--- Activity ---
Omit the pictures and return exactly the stretch of the material below from the line with "未来郑州12条地铁线路图出炉(附站点)" through the line with "Diana penty bollywood actress 65".
-------- Data shown
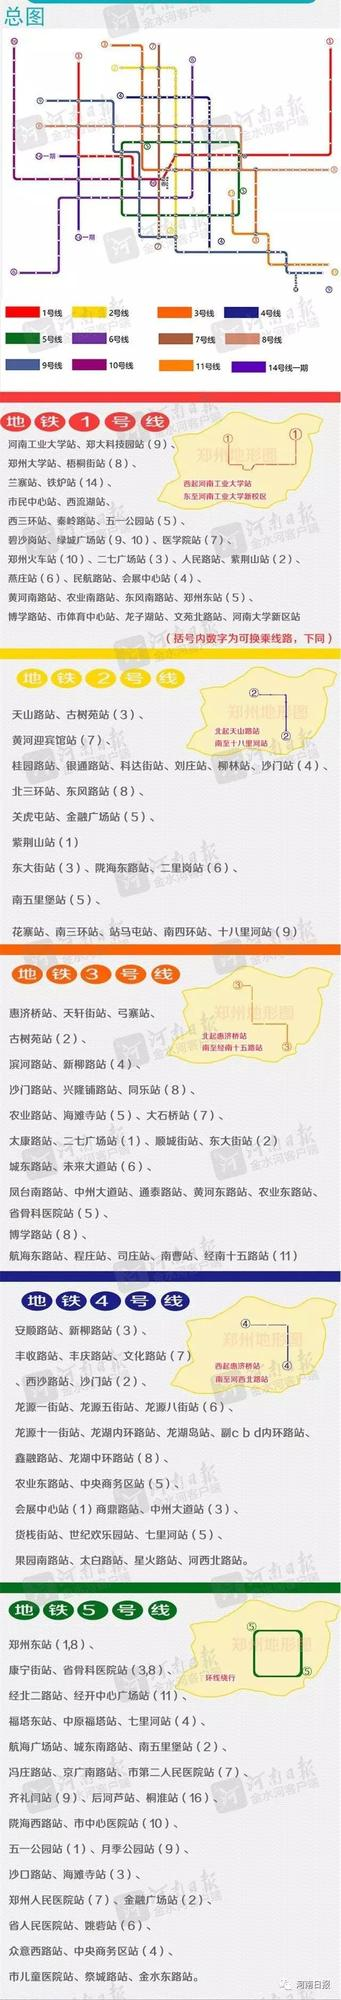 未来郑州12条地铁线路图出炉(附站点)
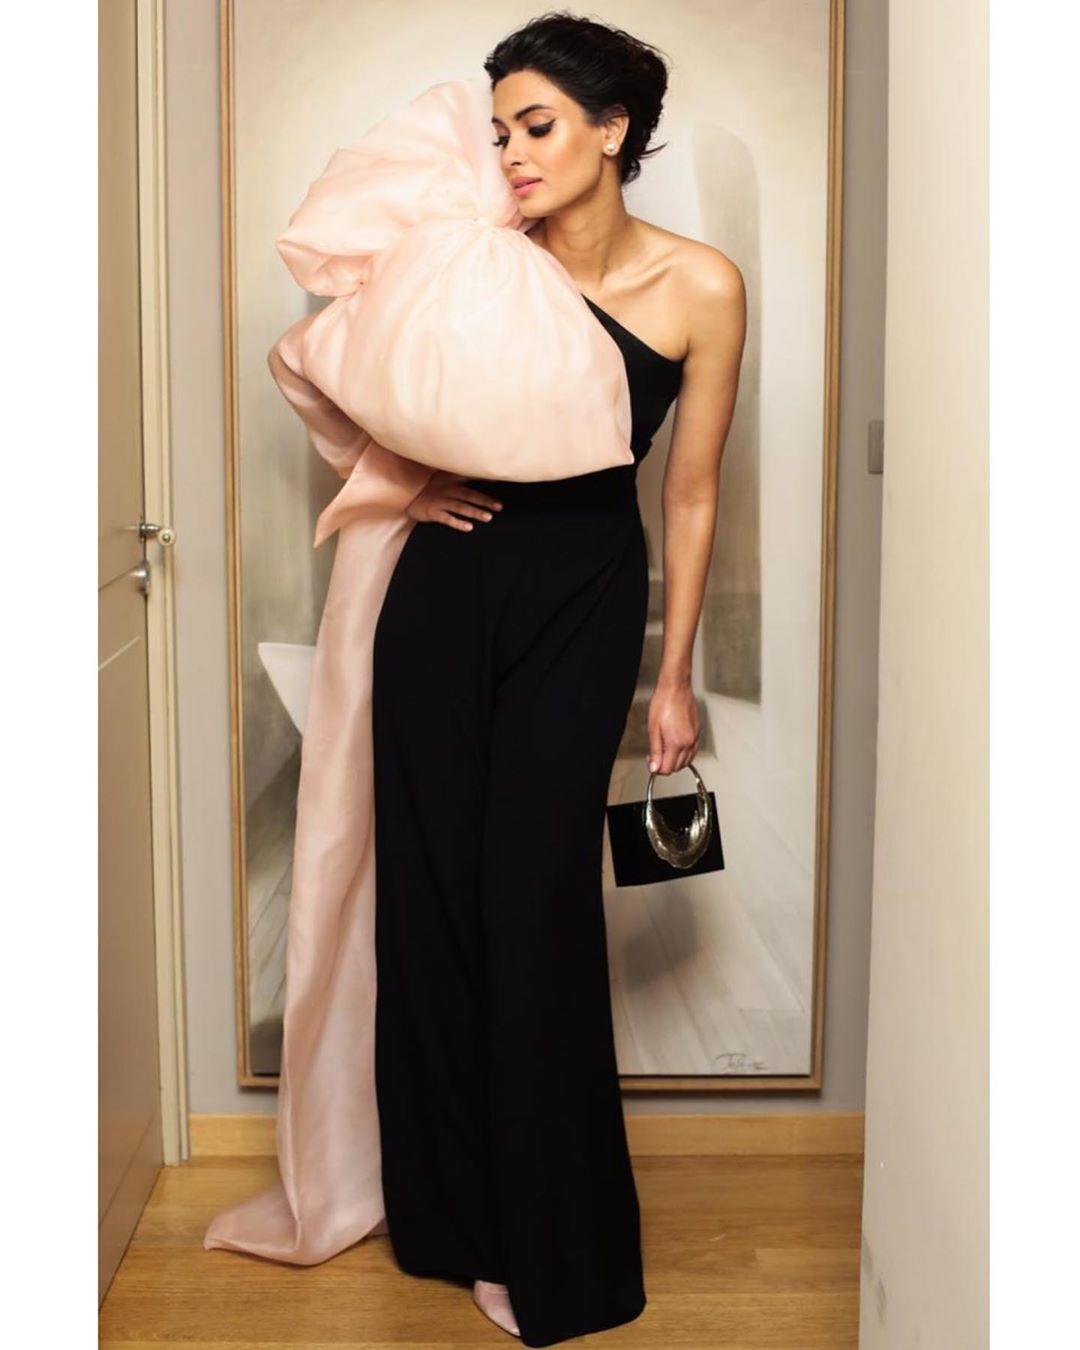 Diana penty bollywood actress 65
----------------
-------- Data shown
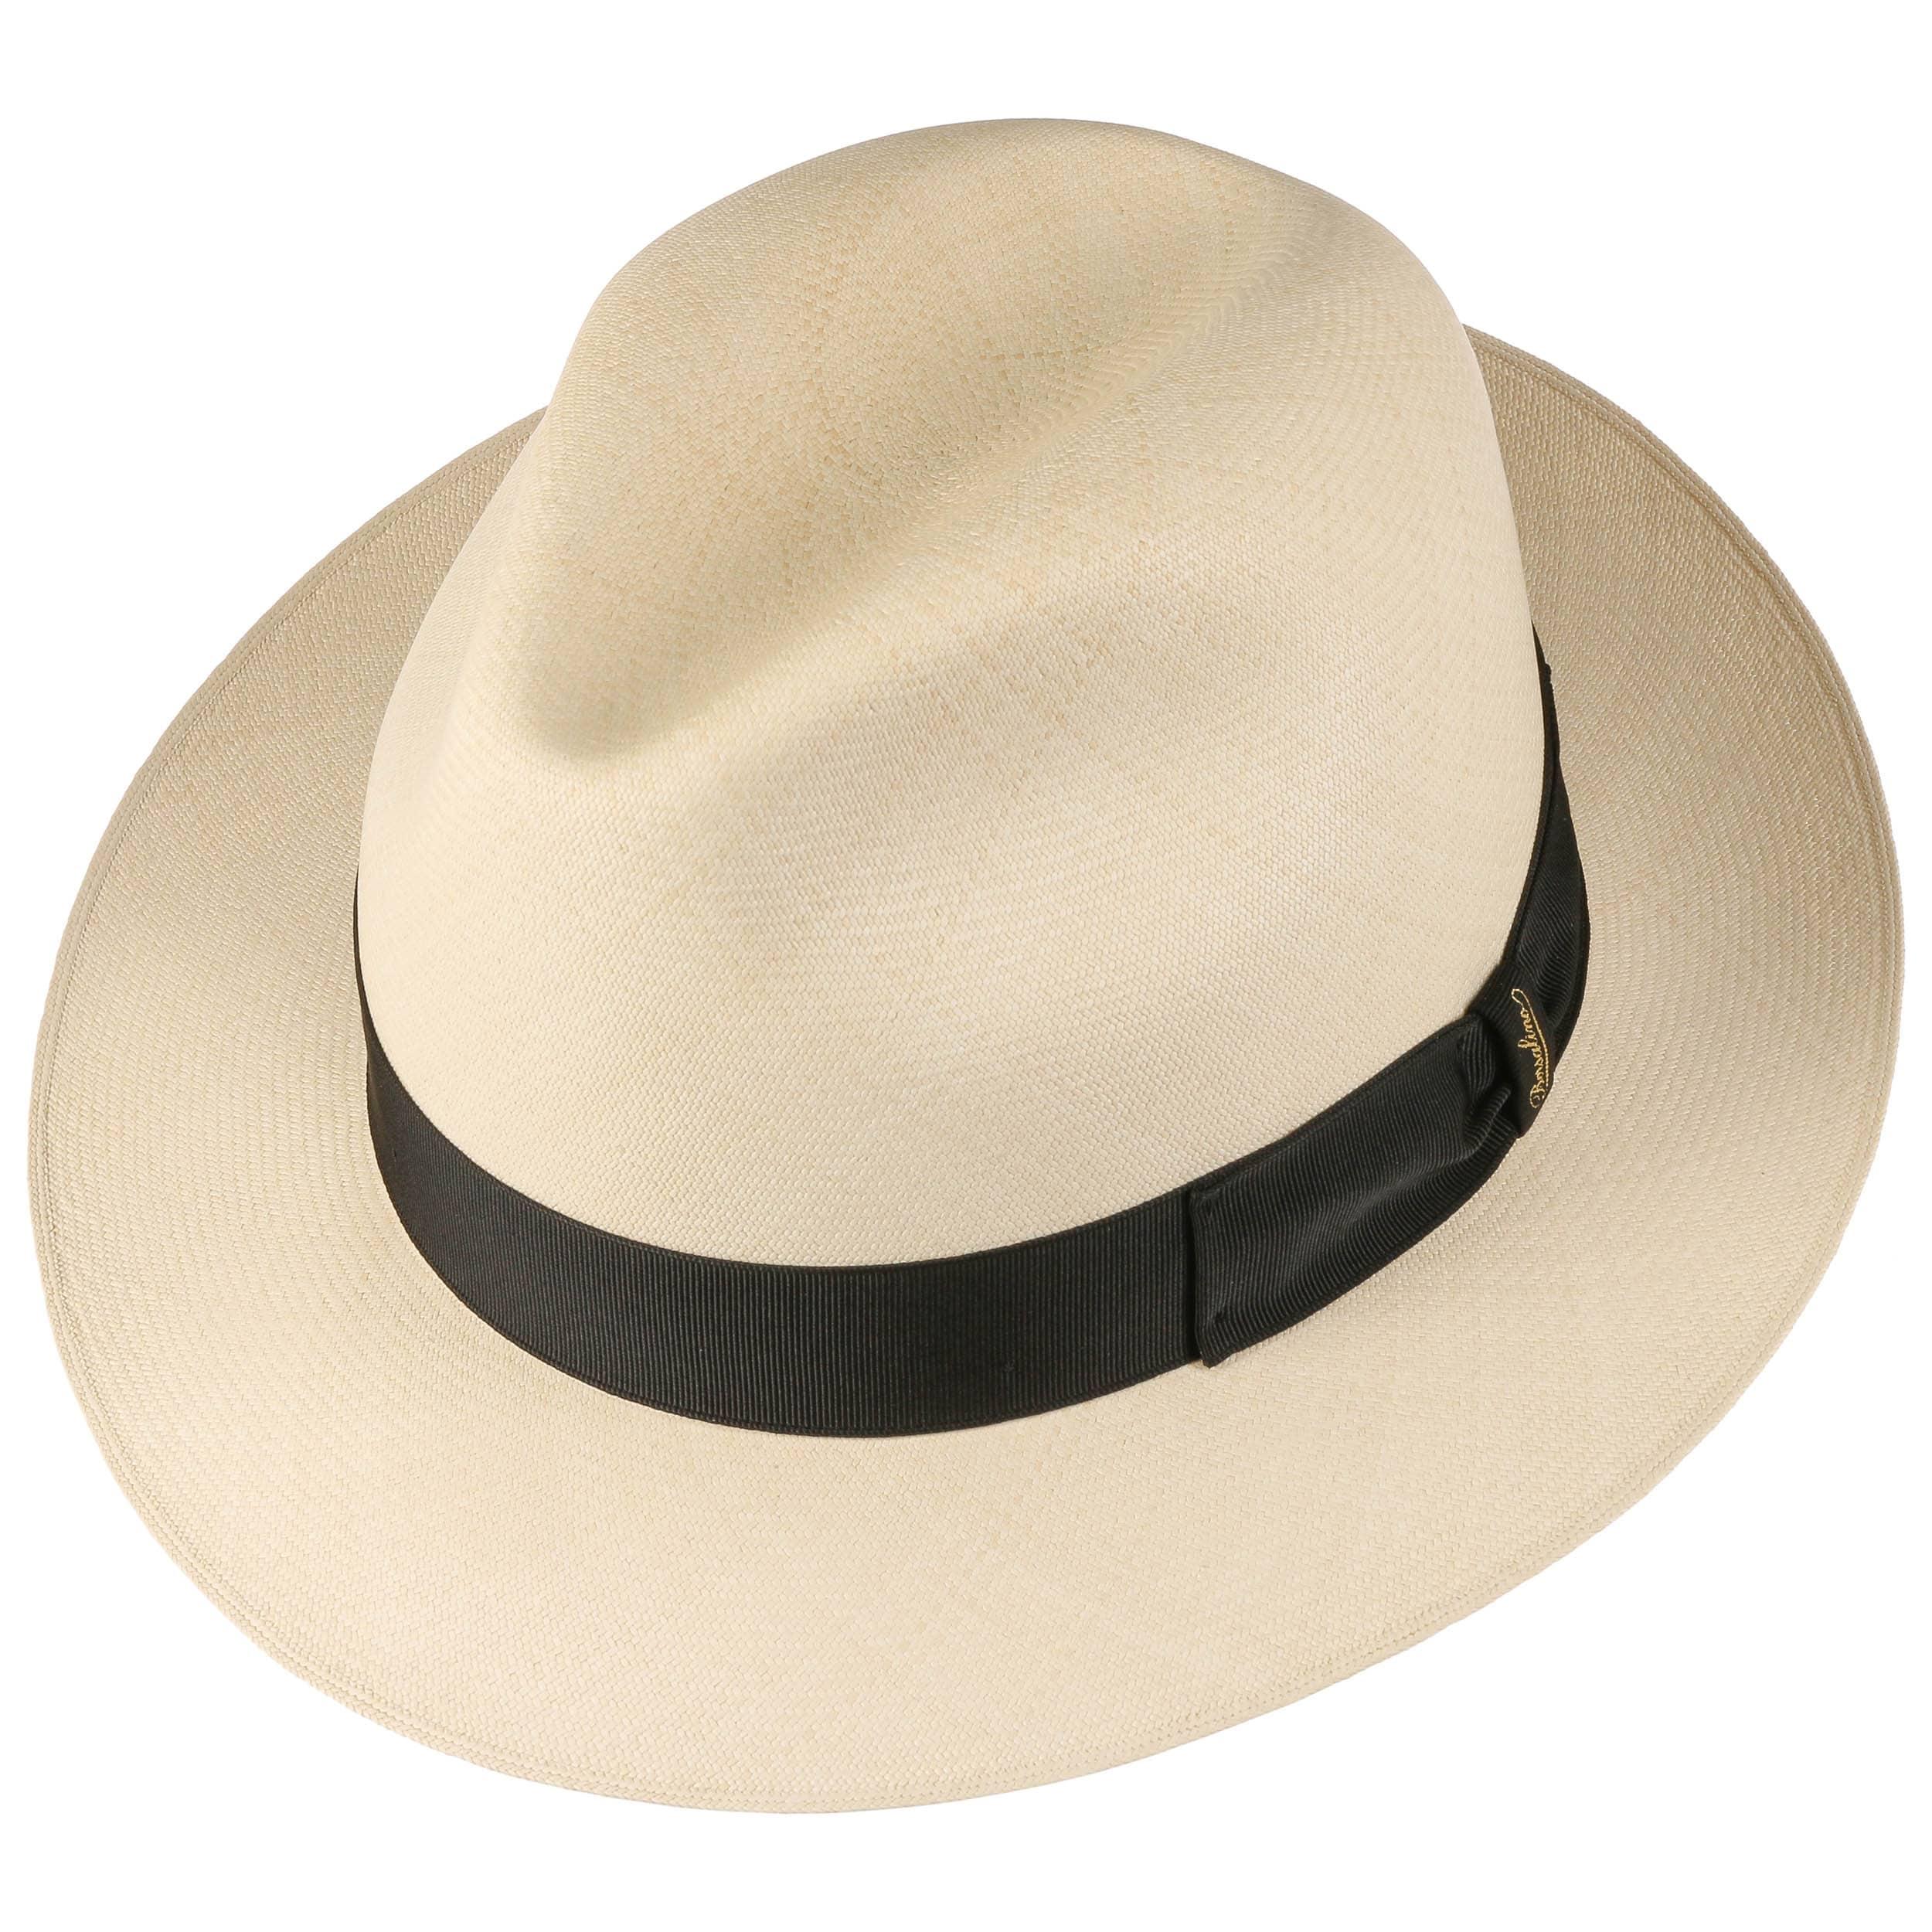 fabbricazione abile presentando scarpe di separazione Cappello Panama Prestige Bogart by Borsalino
----------------
-------- Data shown
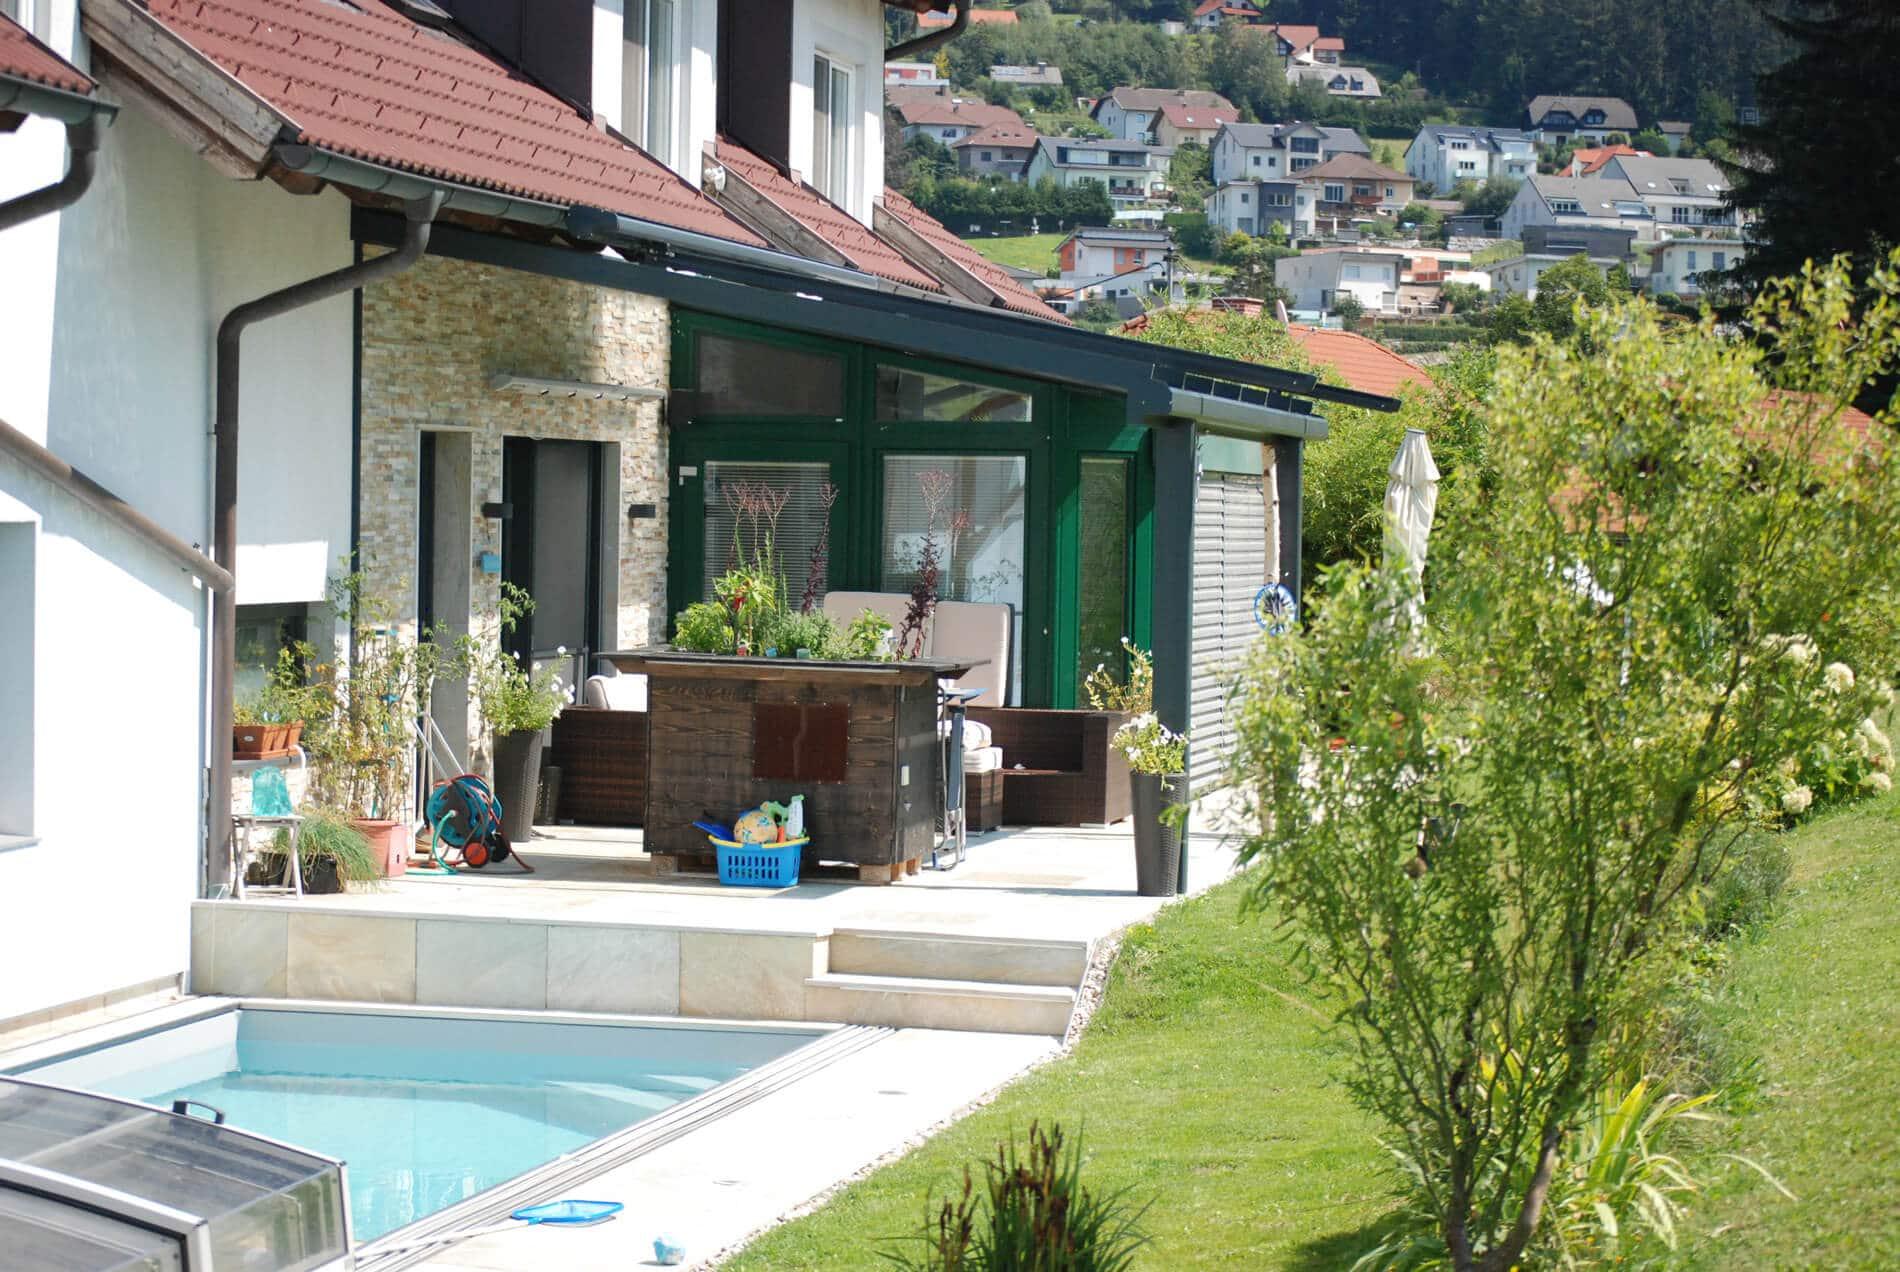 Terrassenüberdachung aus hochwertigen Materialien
----------------
--- Response to this exercise ---
 未来郑州12条地铁线路图出炉(附站点)
 Diana penty bollywood actress 65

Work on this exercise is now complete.